- Film poster
- Directed by: Robert Gottschalk
- Screenplay by: Paul Strait
- Story by: Robert Gottschalk
- Produced by: Robert Gottschalk Richard Moore
- Starring: Chris Warfield Sally Fraser Chick Chandler
- Cinematography: Meredith M. Nicholson
- Edited by: George White
- Music by: Ted Dale
- Distributed by: Crown International Pictures
- Release date: September 19, 1962;
- Running time: 76 minutes
- Country: United States
- Language: English

= Dangerous Charter =

Dangerous Charter is a 1962 seagoing adventure film shot in five days in 1958 on and around Santa Catalina Island. California, with no studio shooting. It was directed, co-produced and co-written by Robert Gottschalk as a showcase for his Panavision process.
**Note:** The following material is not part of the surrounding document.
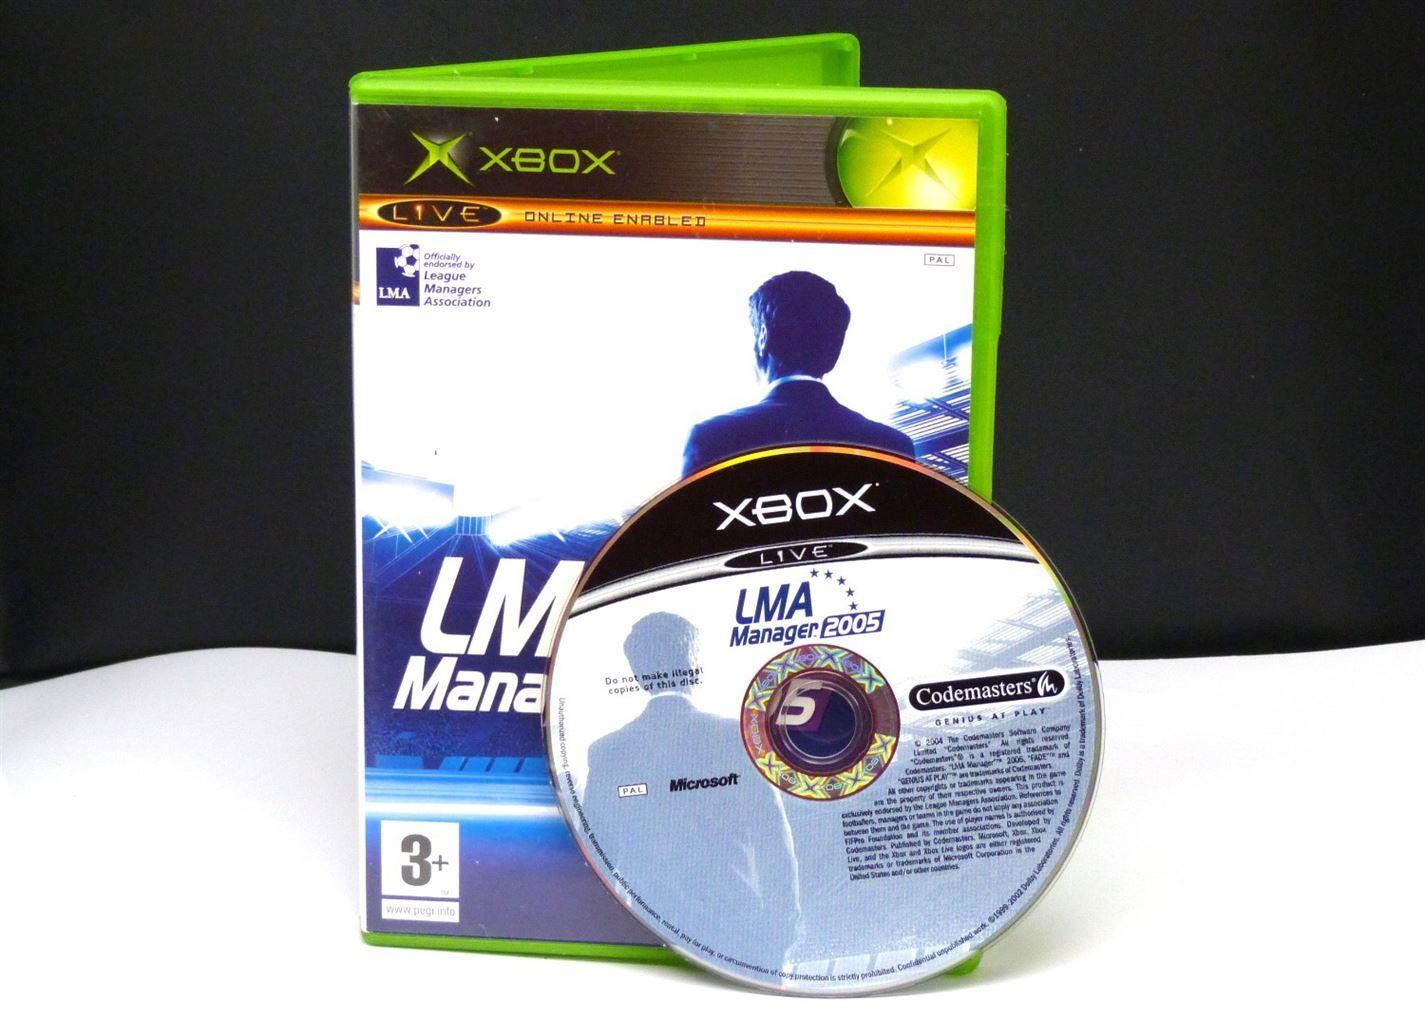 LMA Manager 2005 (Xbox) - UK Seller NP

The film was distributed by Crown International Pictures.

==Plot==
Three struggling deep sea fisherman discover a luxury yacht named the Medusa that is abandoned, with the exception of a dead body found near the mast flying a flag of distress. The trio sail the Medusa into port where they hope to gain a large monetary reward under the law of salvage. The mystery deepens when it is discovered that there are no records on the Medusa and serial numbers have been removed from the ship making identification impossible.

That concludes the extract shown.